Digital Scriptorium  

How To: Marking up your transcription

Abstract

Preparation

Beginning a new file for transcription

Marking up a sample transcription

      Second line

      Third line and end of chapter

Abstract

This document presents an introduction to marking up a manuscript transcription using ds3.dtd, the Digital Scriptorium transcription DTD (Document Type Definition), and NoteTab Light, a freeware editing program. It uses MS UCB 152, f. 6r, to walk through the steps of marking up a transcription using the Text Encoding Initiative (TEI) Guidelines. Information on setting up the software is given in the Introduction, the Tag Set briefly discusses TEI-compliant markup, and the Alphabetical List of Element Types offers a description of the tags that comprise ds3.dtd; we suggest that you peruse those documents before continuing with this one. All of the documentation files are included in the ds3.exe package, available here, and are linked by a table of contents.


Preparation

Whether tagging an extant transcription (longhand or typed) or creating an electronic transcription from scratch, the first step is to plan the depth and breadth of information that your transcription will cover, just as for a more traditional endeavor. If you work from a document that results from complex prior decisions, preserving what has already been recorded is fairly straightforward once you become comfortable with what the TEI tags offer and restrict; your working document already includes metainformation, such as line break locations and notes on changes of hand, that you can translate to TEI's structure. If you tag while you transcribe, the markup you apply can be more flexible, but decisions about what to record (and how) rely upon a somewhat keener knowledge of what the TEI tags can help you accomplish. In either case, familiarizing yourself with the markup tags listed in the Alphabetical List of Element Types as part of the planning stage can help ensure that your file tags information consistently throughout. Tagging everything you can is unnecessary, but some experimentation may be helpful in deciding how much you do want to record.


To begin a new file for transcription:

Follow the steps below exactly. When you have finished this procedure, you will be ready to begin marking up your transcription and to enter information about your transcription practices (metadata).

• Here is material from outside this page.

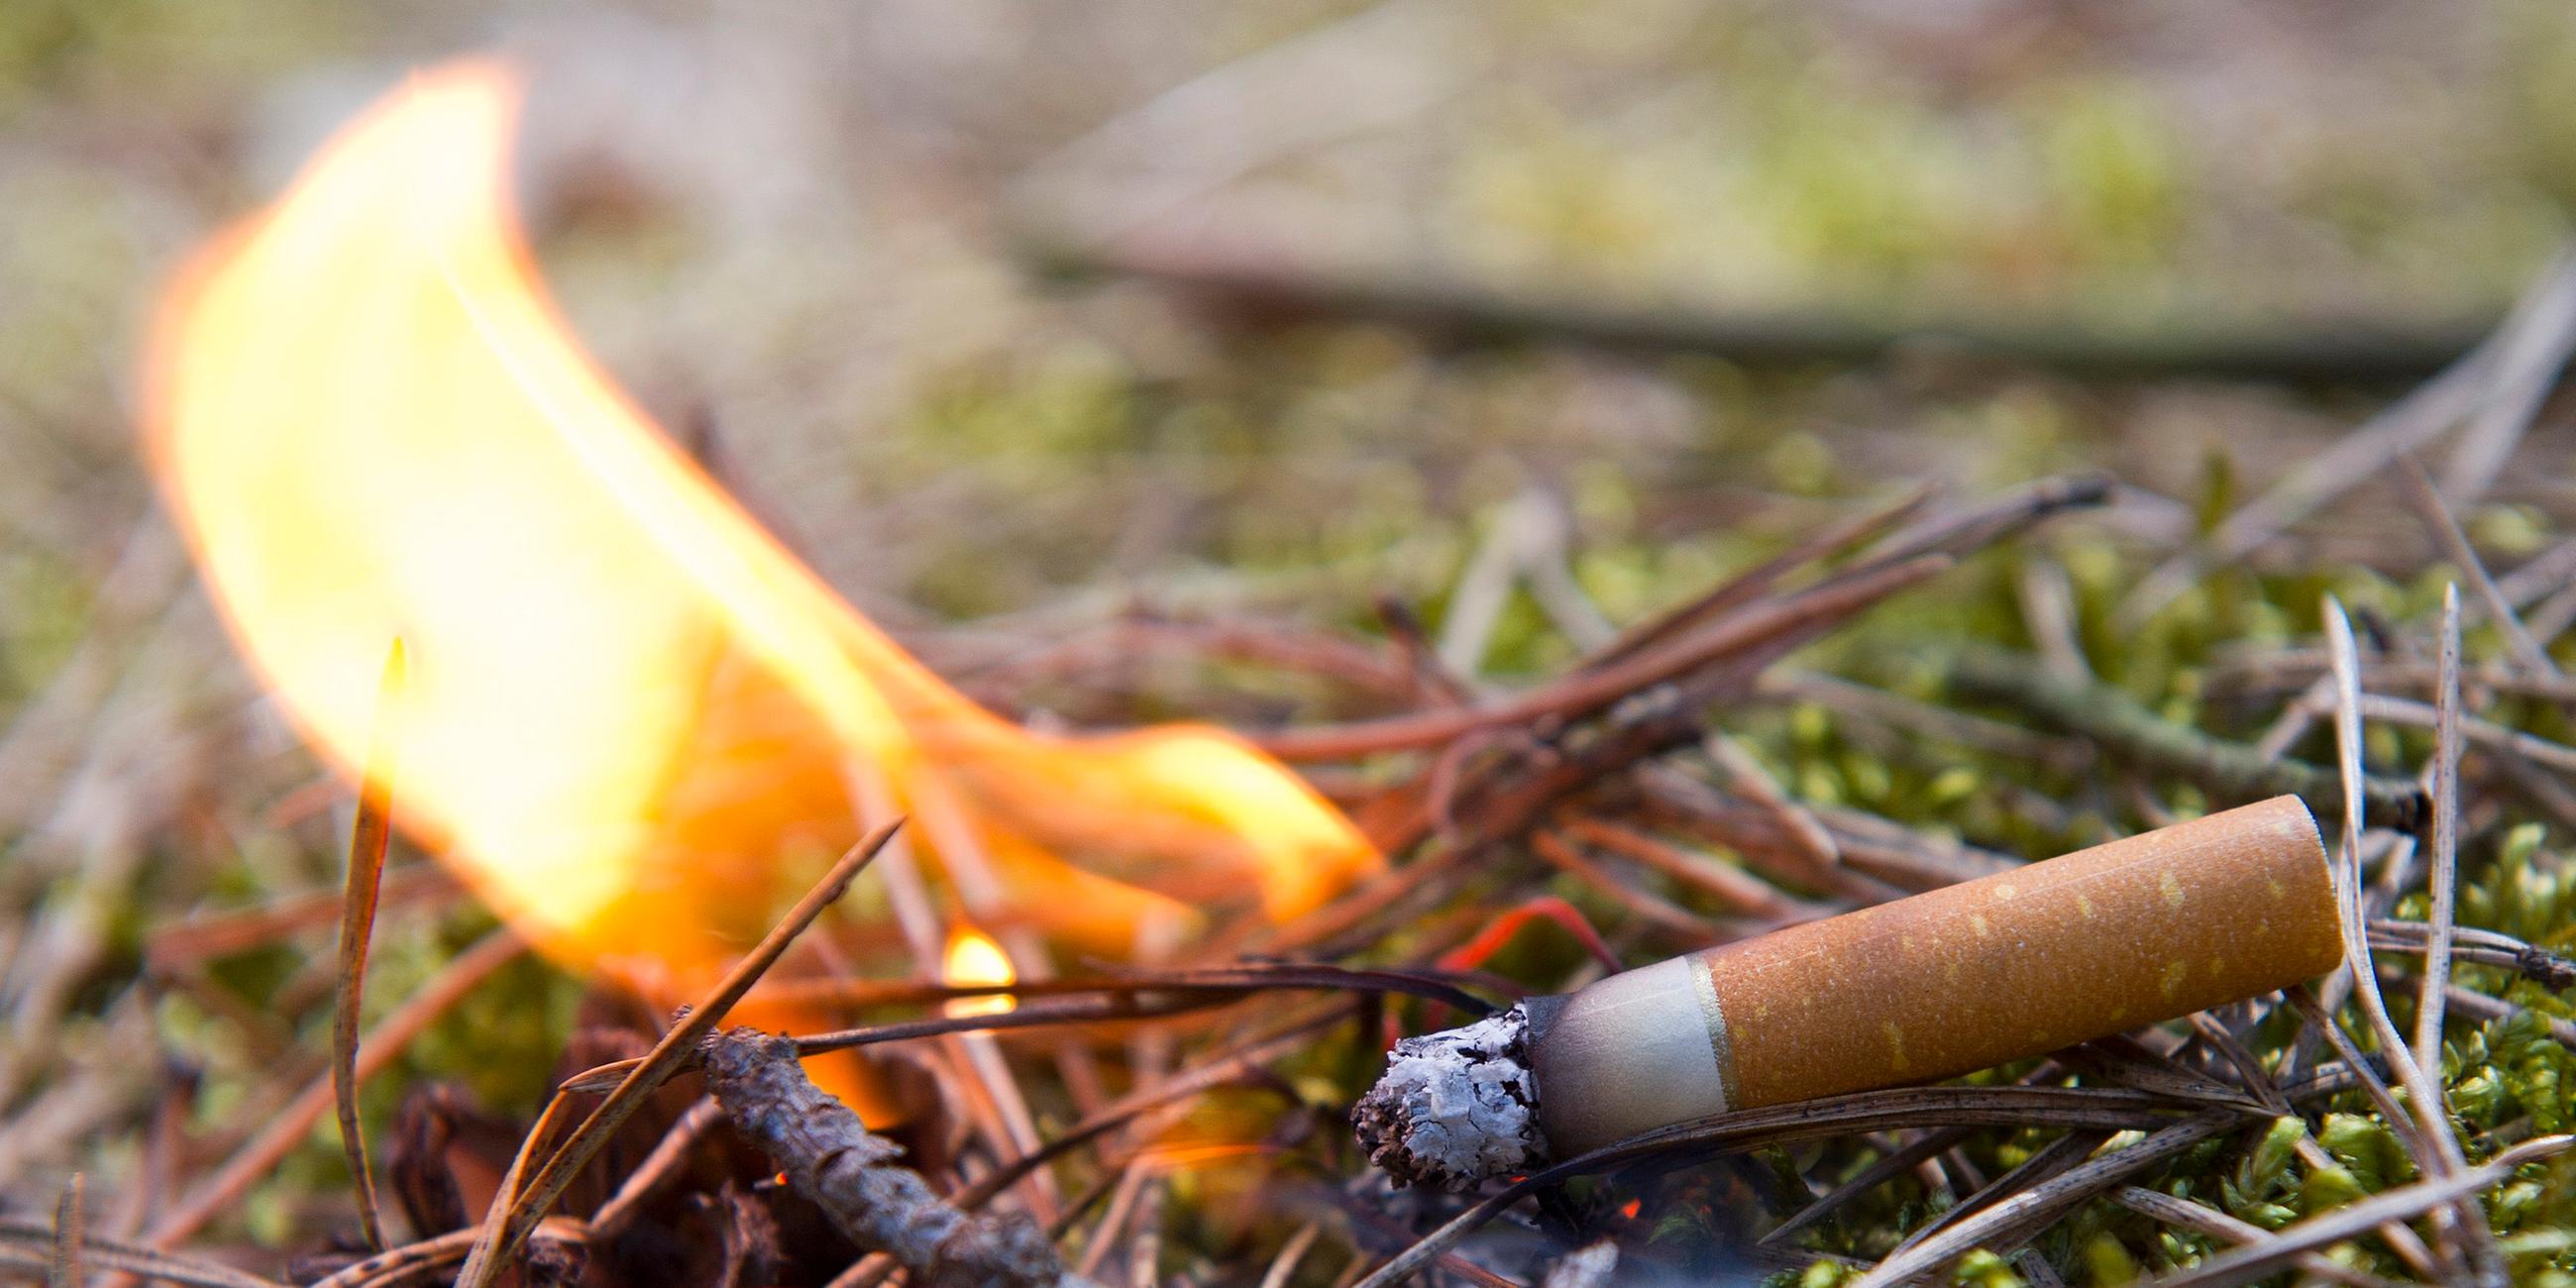 Zigarette auf trockenem Waldboden, Oberfläche fängt Feuer; Symbolbild
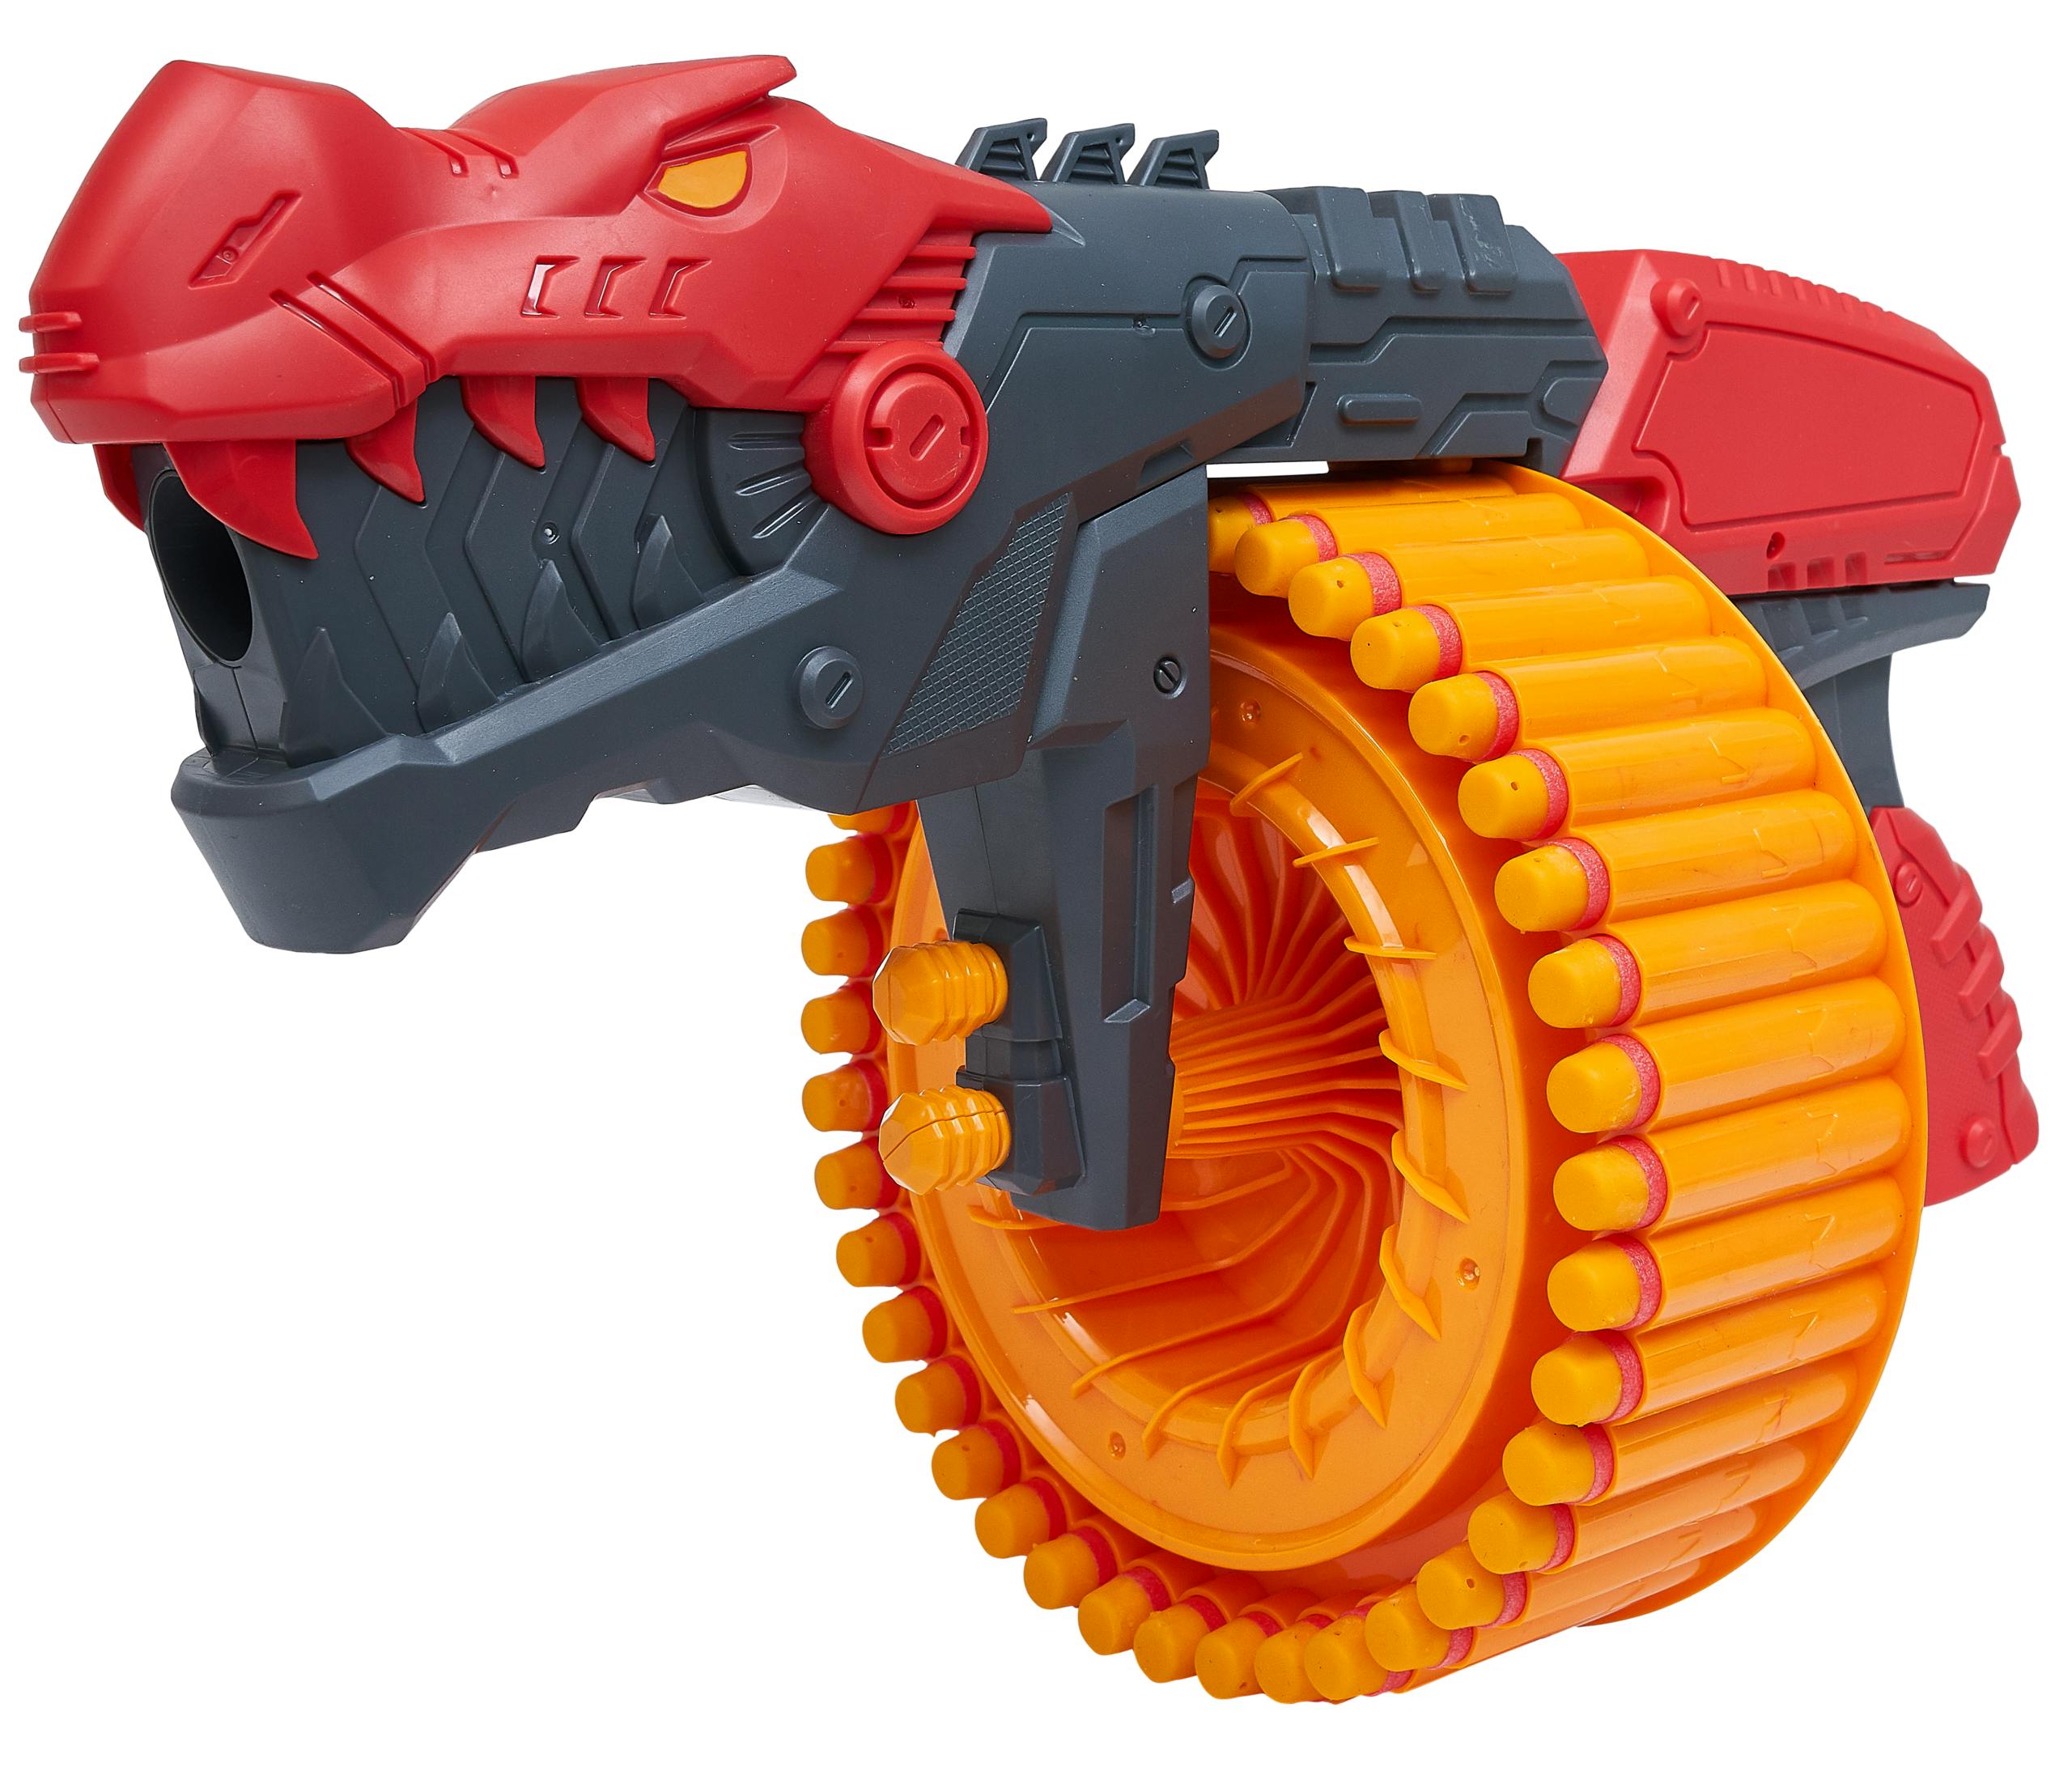 Dino Speelgoedgeweer Met 40 Pijltjes - Rood

  1. Follow the setup steps in the Introduction under the heading Setting Up the Software.
  2. Launch NoteTab Light, then select the ds3 library from the button row at the bottom of NoteTab's window.
    The left-hand pane displays the ds3 tools and tags. Always have this library selected when you work with the Digital Scriptorium transcription DTD.
  3. If necessary, choose File > New from the menu, so that the right-hand pane is blank.
  4. In the left-hand pane, under the red XML outer wrapper and DTD declaration heading, double-click XSL stylesheet declaration to insert it.
    Two lines appear in the right-hand pane: the first signals to a parser that the file's contents are XML, and the second declares the style sheet's filename and type.
  5. Under the same heading, double-click ds3 dtd declaration and TEI.2 outer wrapper.
    The first line that appears (beginning !DOCTYPE) points to the DTD, or set of rules that govern tag usage; the several subsequent lines define the .jpg file type and call other files containing entity definitions; and the final pair of lines open and close the top-level TEI.2 tag.
  6. Position the cursor on the line just after <TEI.2>.
    Note that 15:1 displays in the lower left corner; 15 is the line number, 1 the position (character number from left to right).
  7. In the left-hand pane, under the Metadata Section heading, double-click teiHeader, basic to insert a bare-bones teiHeader in your file.
    A screenful of tags appears in the right-hand pane; the first and last open and close <teiHeader>. These tags allow you to record information about the text you are transcribing, your transcription methods, and so on. When you are ready to enter metadata, see Identification (TEI Header), Alphabetical List of Element Types, and the sample texts for suggestions.
  8. Position the cursor after <teiHeader> and press the Enter key twice; then, in the left-hand pane, find and insert text, body, and div1.
    Open- and close-tags for these three appear on either side of your cursor.
    Inserting div1 causes a dialog box to appear. If you plan to track division type and number throughout your file, enter values in the type and n fields; for example, to define this first-level division as a chapter numbered one, you can enter "chapter" and "1" in the type and n fields (respectively). Otherwise, choose OK without entering a value.
  9. In the left-hand pane, find and insert paragraph under the Page Layout and Segmentation heading. (You may need to scroll down to see it.)
    The <p> tag appears on either side of your cursor.
  10. Save your work; make sure your new filename ends with the extension .xml.
    You have now completed the minimum steps necessary to create a TEI-compliant file in XML.
  11. Verify that this new file parses correctly: at the top of the left-hand pane, double-click XML Parse.
    See also the To parse an XML document procedure in the Introduction. A new file named error.txt opens; if your file parses correctly, error.txt contains only the name and full path of your file (for example, c:\ds3\document\demo.xml). You can restore your file to view by selecting the tab labeled with your filename.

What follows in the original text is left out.